The story that caught my eye: “Etats-Unis : un sérieux risque de paralysie après l’élection” or “United States: a serious risk of paralysis after the election”. The story in Le Monde (which is a great newspaper to read if you’d like a foreign take on international events, or even American events) highlights partisan bickering in American politics, and the fact that whoever wins will have a hard time getting someone across the aisle to meet their hand.  A pathetic idea in the first place, but it would be wonderful in a sad way to see how they’d act if Congressional members had assigned seating that went Republican, Democrat, Republican, Democrat, with the occasional Independent in there. Looking back on forms of disciplinary action in the classrooms I grew up in, that was a rather simple one that sucked, but never hurt anyone, and in all likeliness improved the ability of the class to function as a place where a kid might pay attention and say to himself or herself something like so that’s what division is, and look around and see just how divided Congress is.

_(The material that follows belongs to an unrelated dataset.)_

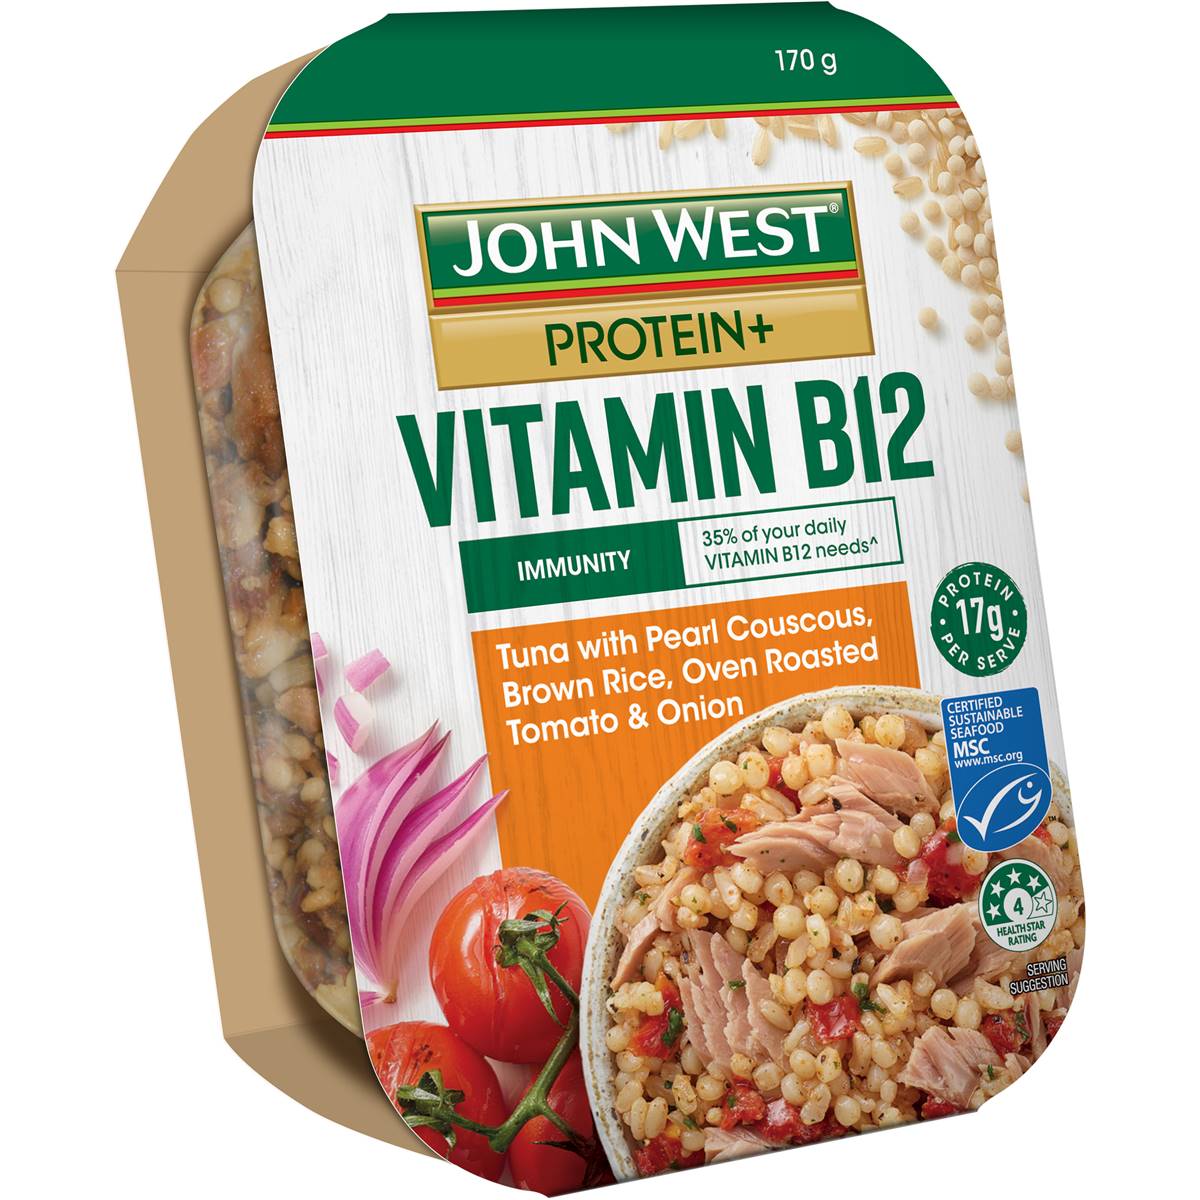 John West Protein+ Vitamin B12 Tuna Bowl Couscous Brown Rice Onion 170g
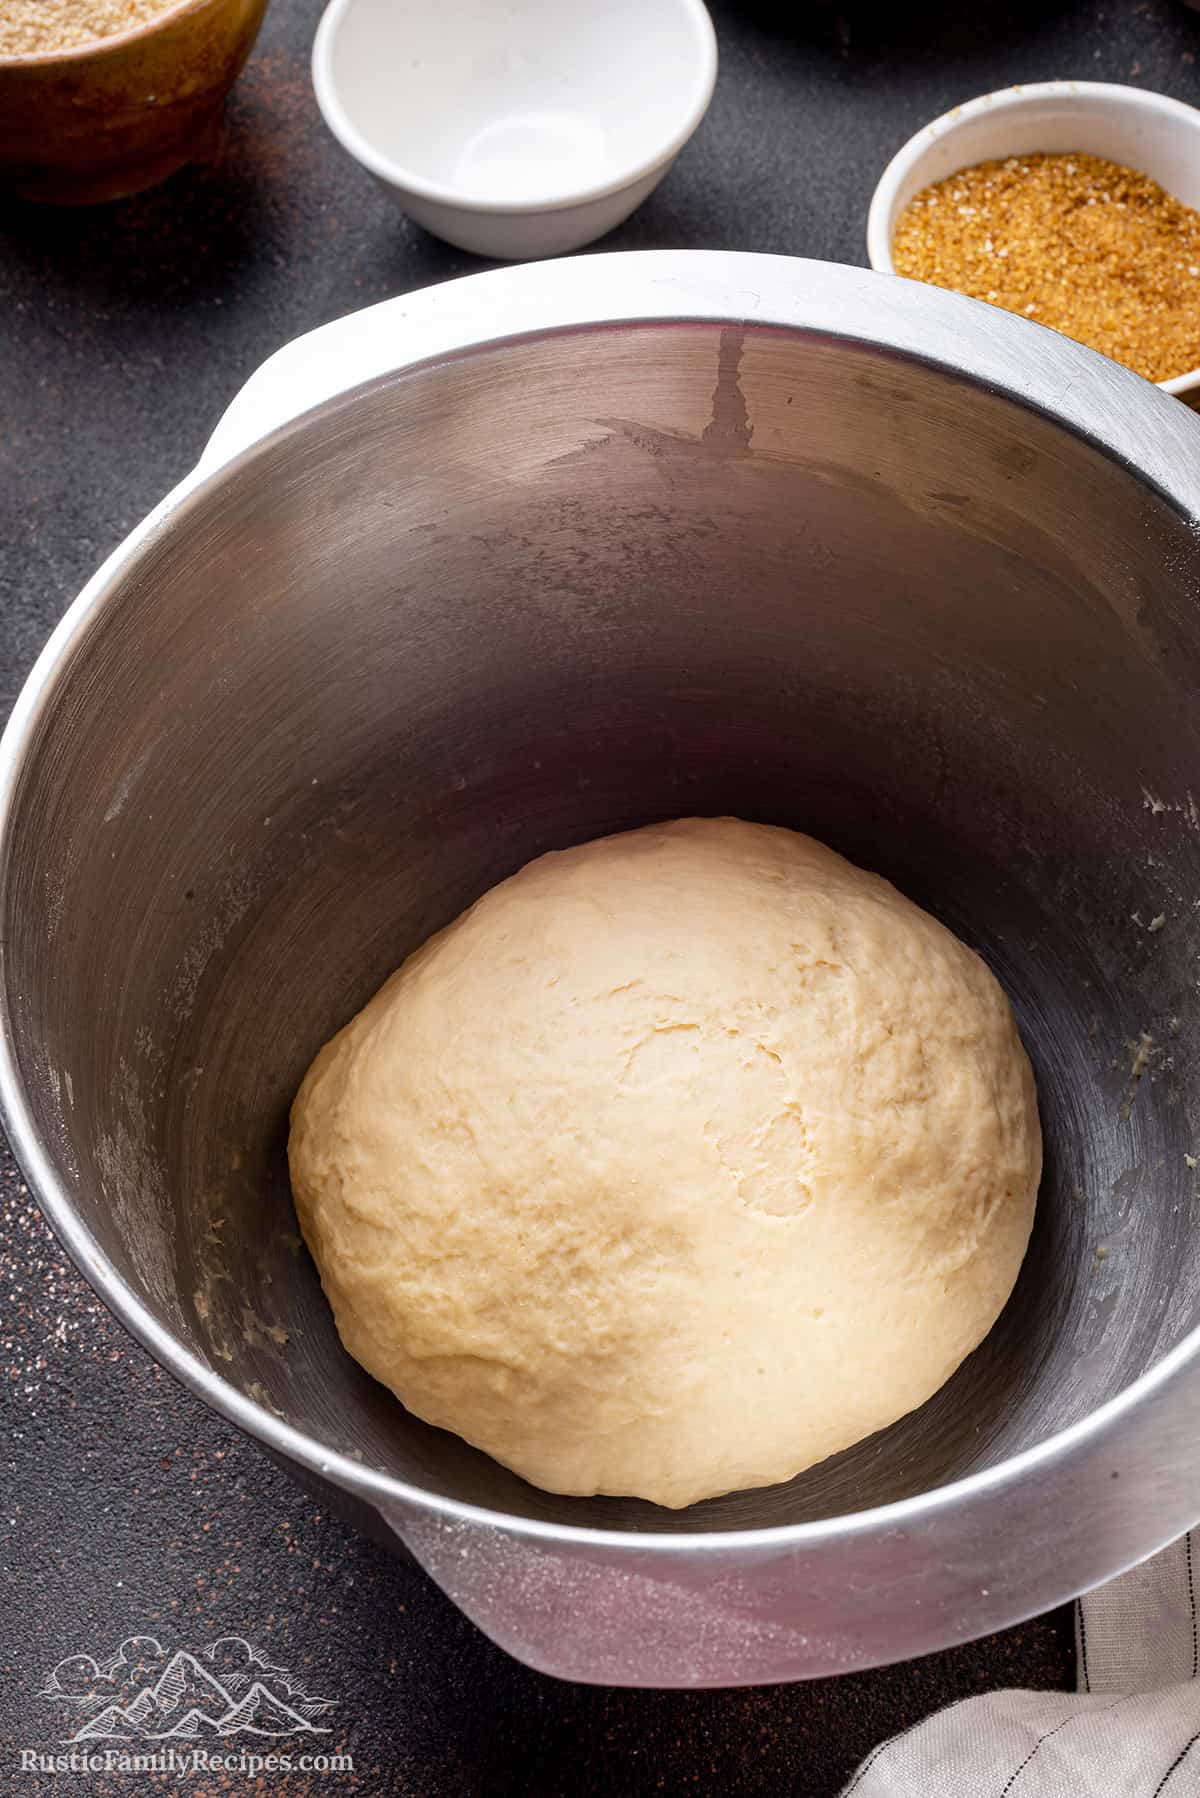 Senorita dough in a mixer bowl getting ready to rise

Congress is persnickety, to use an old-time term. Obsolete. Atavistic. Fully loaded with malapropisms.

 

I ignore the fact often enough, as I assume do many Americans who prefer not to walk around wanting to punch glass or kick rocks. The problem, the big one anyway, is that the men and women in Congress are left to fix their own system. For instance, we haven’t needed an electoral college since the telegraph was invented. And sometimes the only reason I think it exists is simply so mainstream news outlets can paint states various shades of red and blue on an overly simplistic map of America. Because remember, if our presidential elections were simply based on a popular vote, the color of a state would not matter anymore.

 

Rest assured, tomorrow is more than two hundred years after the first time Americans went cynical and angry to the polls to vote. I suppose that makes it American, that cynical state. A thing to me profoundly hilarious and full of socking taint at the same time. This country was founded by a bunch of individuals who wanted better, and tried to do so. Despite how terrible things might seem in this country, tomorrow is still another attempt to do better.